> [Activity]:
Return the full listing unchanged, apart from leaving out its images.

> [Dataset section]:
========================

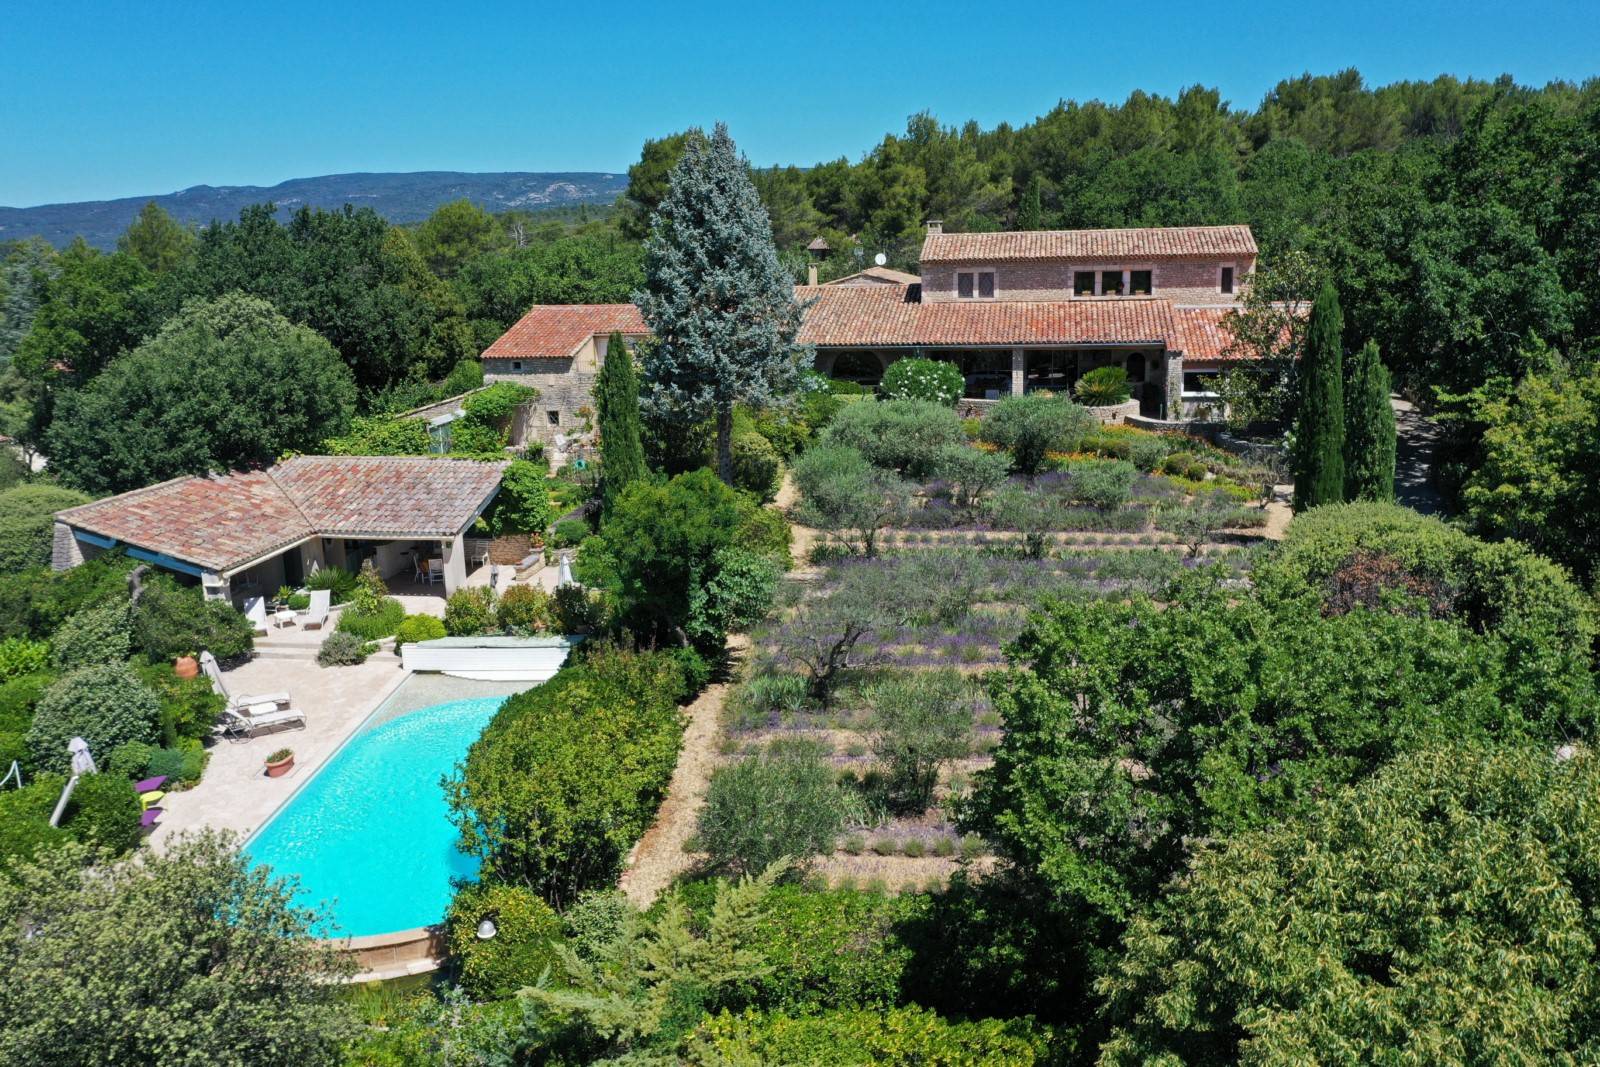 EXCLUSIVE SALE - Exceptional property on 4.3 acres facing the Provencal village of Ménerbes
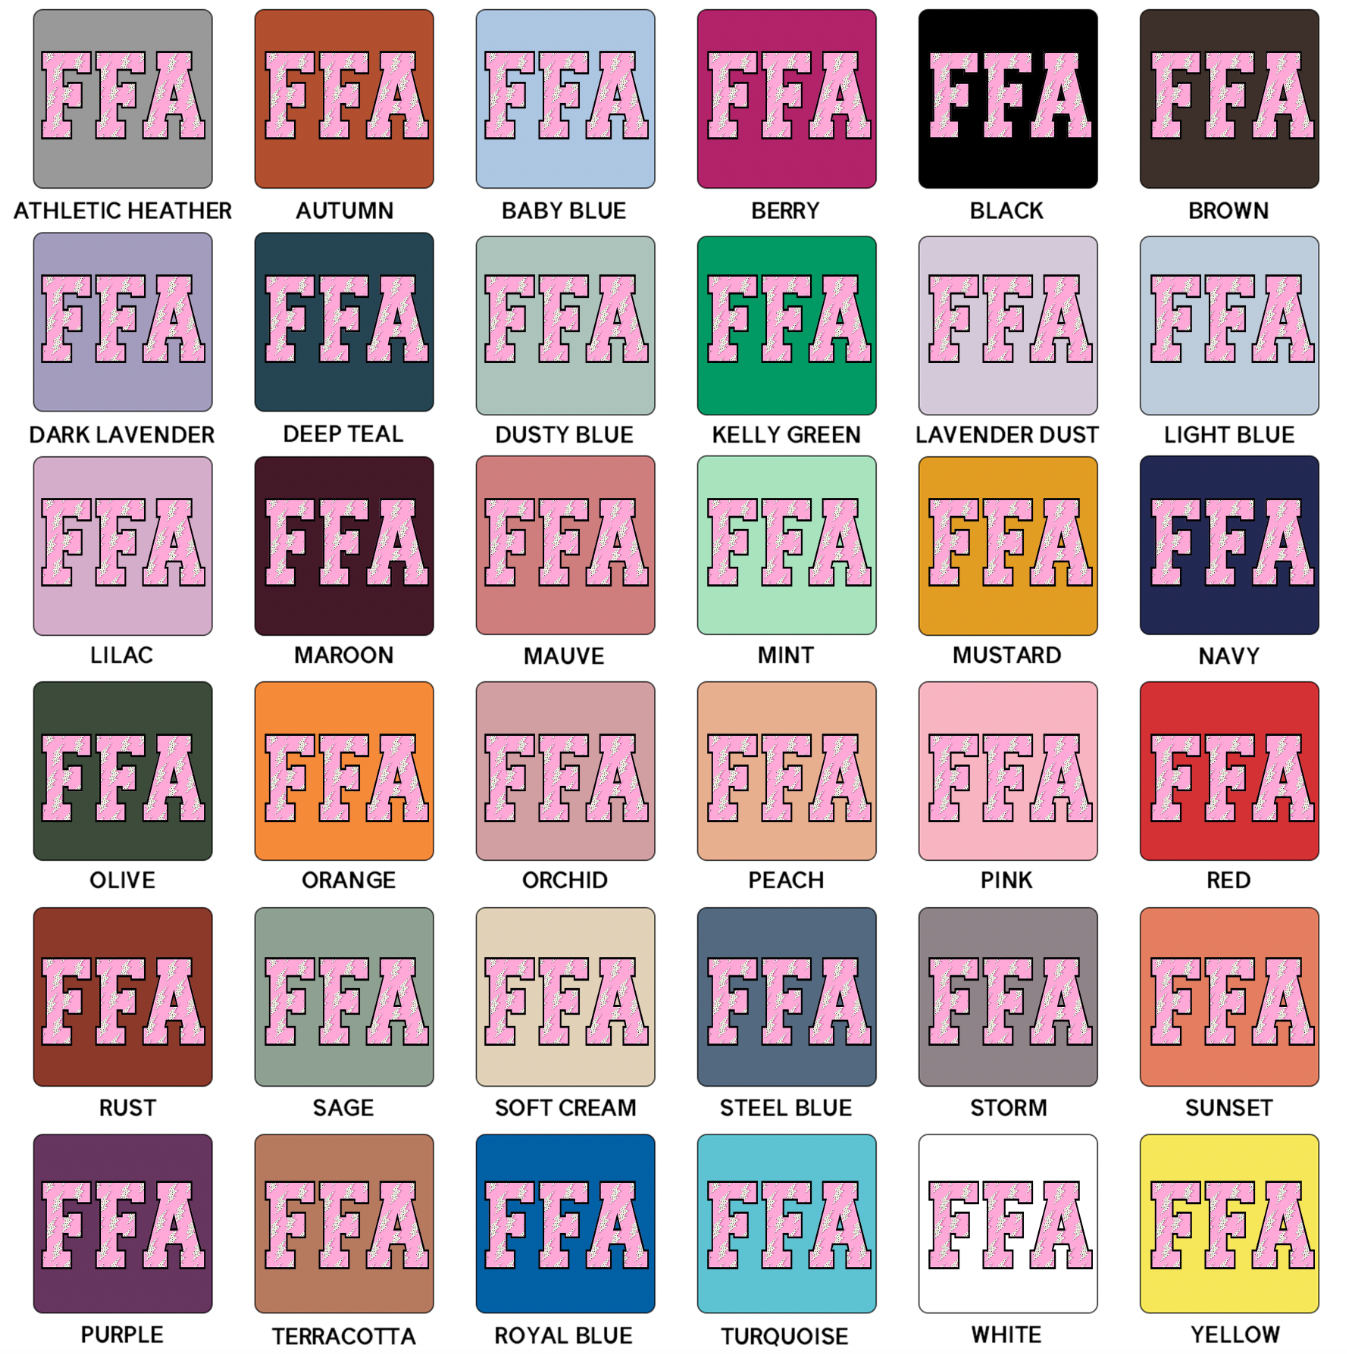 FFA Pink Lightning Bolt T-Shirt (XS-4XL) - Multiple Colors!
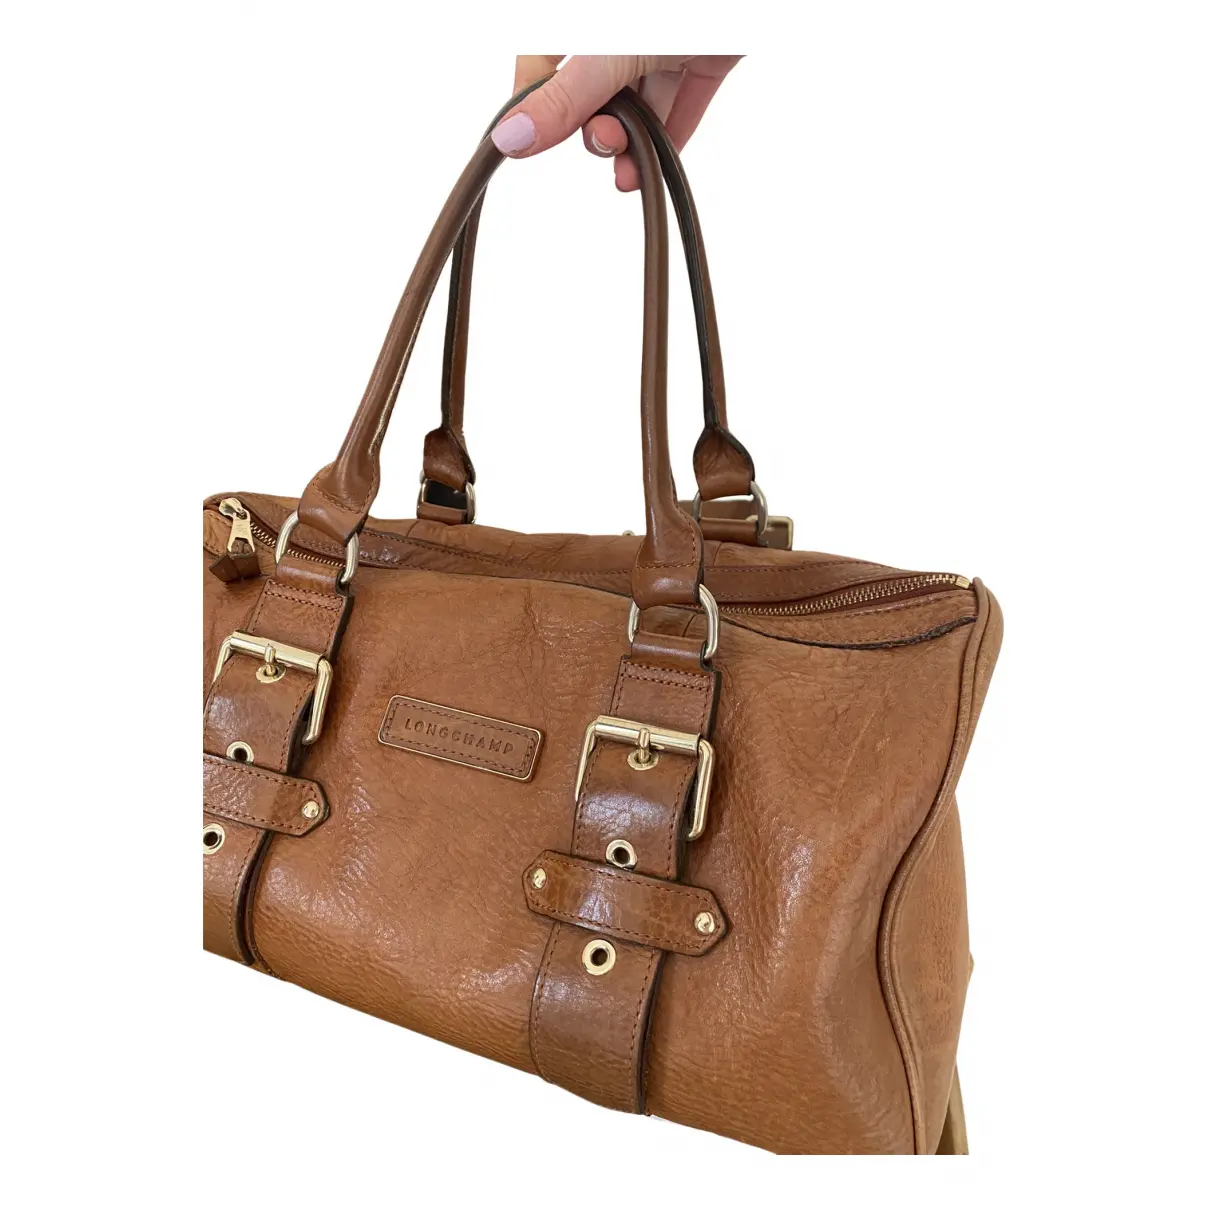 Buy Longchamp Kate Moss leather handbag online
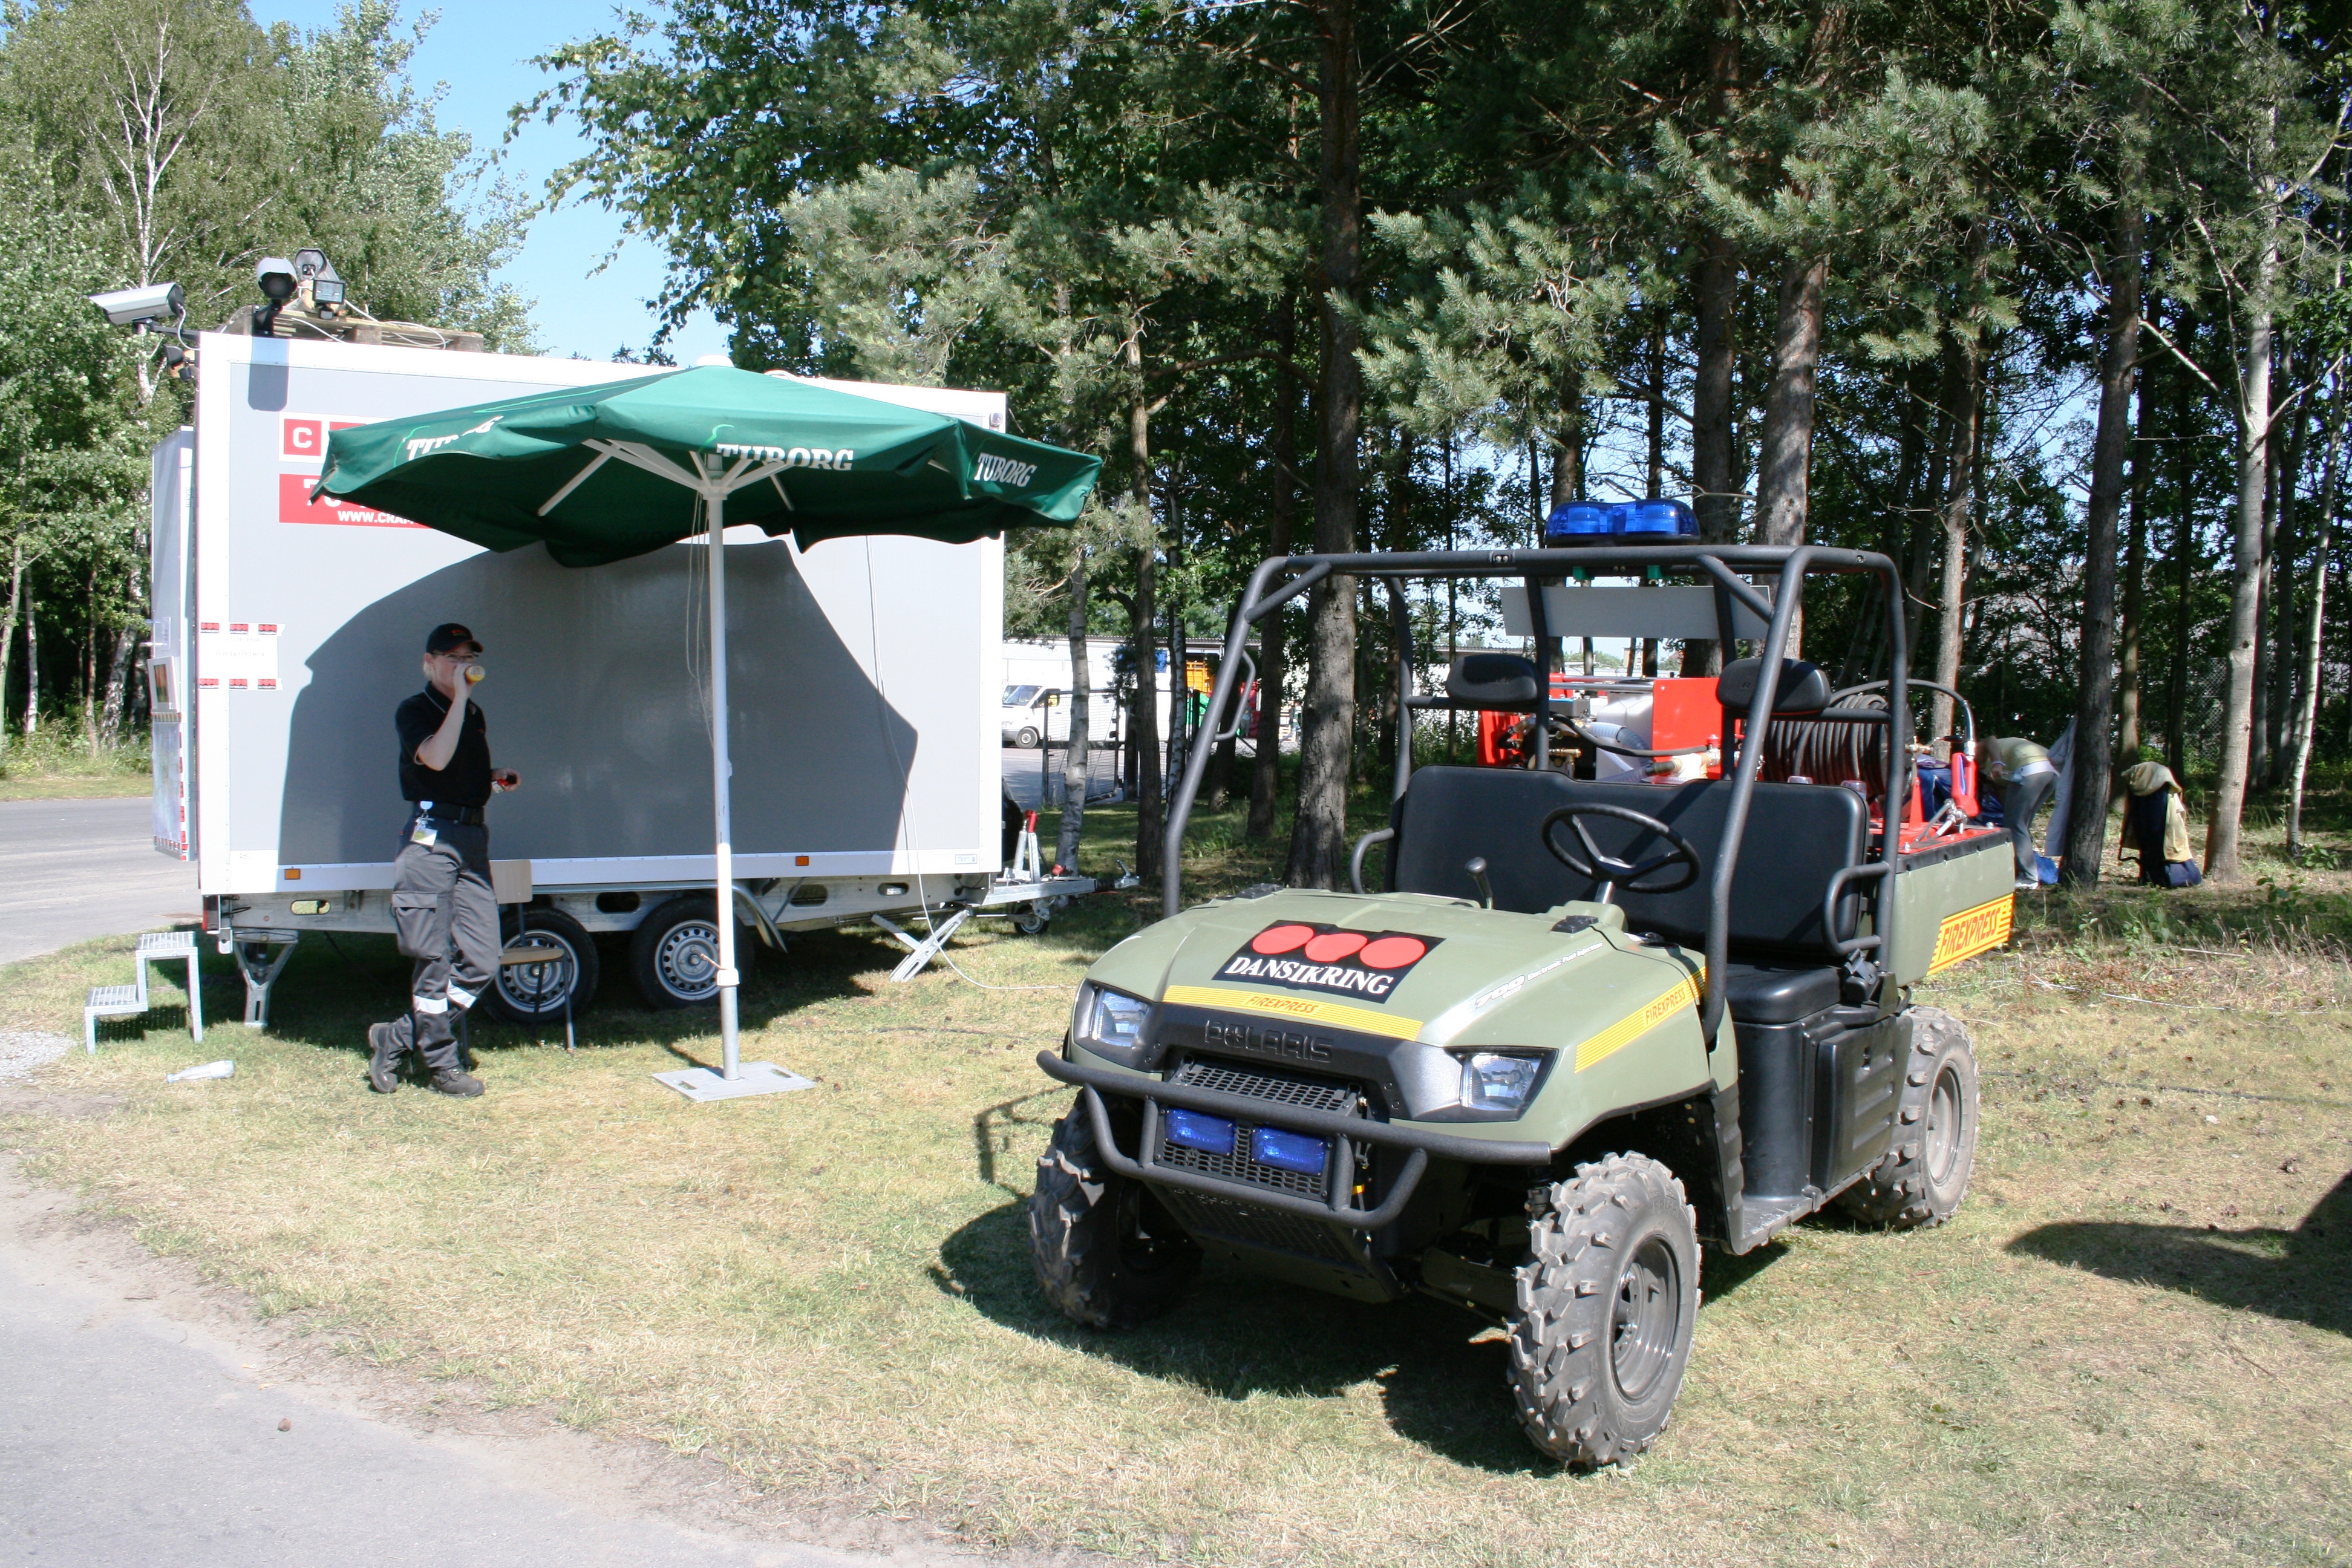 ATV at festival camping ground

========================

> [Result of the task]:
 EXCLUSIVE SALE - Exceptional property on 4.3 acres facing the Provencal village of Ménerbes
 FFA Pink Lightning Bolt T-Shirt (XS-4XL) - Multiple Colors!
 Buy Longchamp Kate Moss leather handbag online
 ATV at festival camping ground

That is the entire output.